If you have multiple content values, you must place a comma between them, but it doesn't matter if you also include spaces. So the following meta tags are interpreted the same way:

<META NAME="ROBOTS" CONTENT="NOINDEX, NOFOLLOW">
<META NAME="ROBOTS" CONTENT="NOINDEX,NOFOLLOW">

If you use both a robots.txt file and robots meta tags
If the robots.txt and meta tag instructions for a page conflict, Googlebot follows the most restrictive.
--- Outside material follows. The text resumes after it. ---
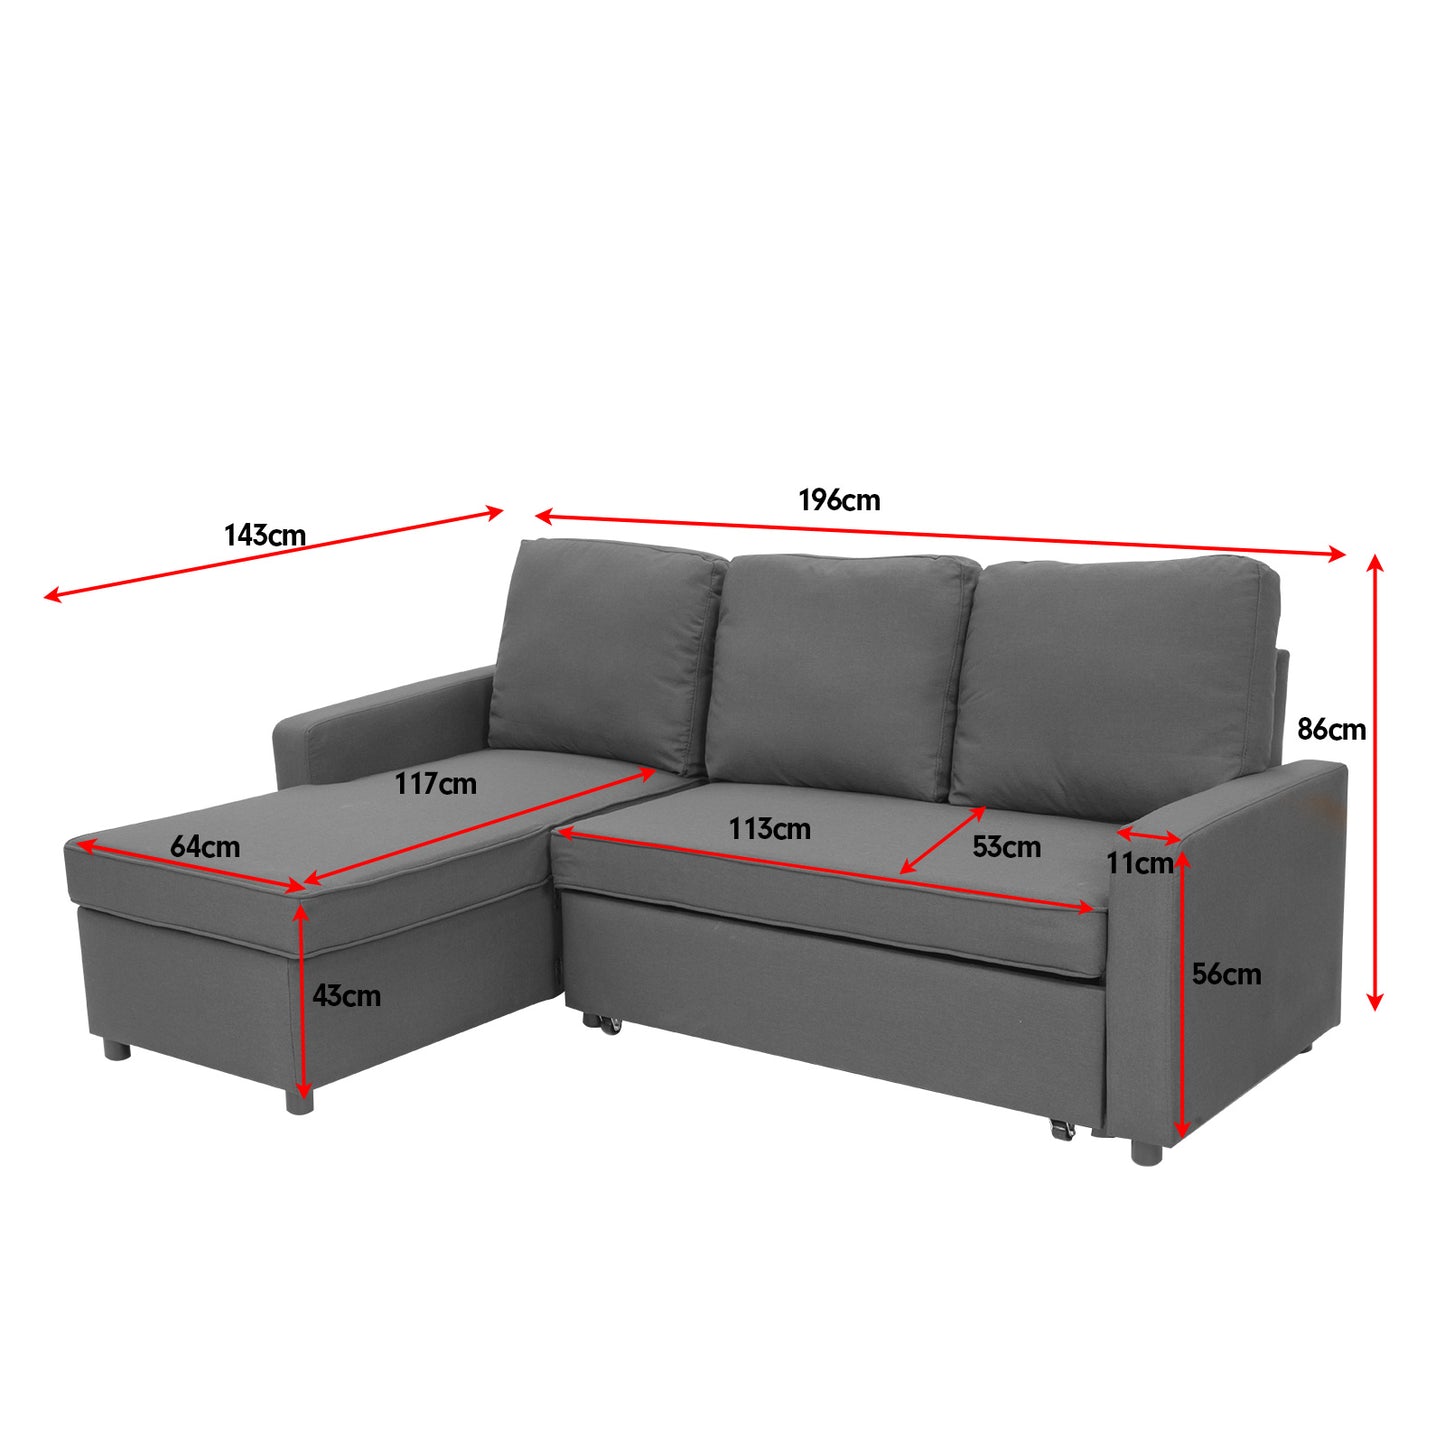 Sarantino 3 Seater Corner Sofa Bed Storage Chaise - Grey

More specifically:
  • If you block a page with robots.txt, Googlebot will never crawl the page and will never read any meta tags on the page.
  • If you allow a page with robots.txt but block it from being indexed using a meta tag, Googlebot will access the page, read the meta tag, and subsequently not index it.
Valid meta robots content values
Googlebot interprets the following robots meta tag values:
  • NOINDEX - prevents the page from being included in the index.
  • NOFOLLOW - prevents Googlebot from following any links on the page. (Note that this is different from the link-level NOFOLLOW attribute, which prevents Googlebot from following an individual link.)
  • NOARCHIVE - prevents a cached copy of this page from being available in the search results.
  • NOSNIPPET - prevents a description from appearing below the page in the search results, as well as prevents caching of the page.
  • NOODP - blocks the Open Directory Project description of the page from being used in the description that appears below the page in the search results.
  • NONE - equivalent to "NOINDEX, NOFOLLOW".
A word about content value "NONE"
As defined by robotstxt.org, the following direction means NOINDEX, NOFOLLOW.

<META NAME="ROBOTS" CONTENT="NONE">

However, some webmasters use this tag to indicate no robots restrictions and inadvertently block all search engines from their content.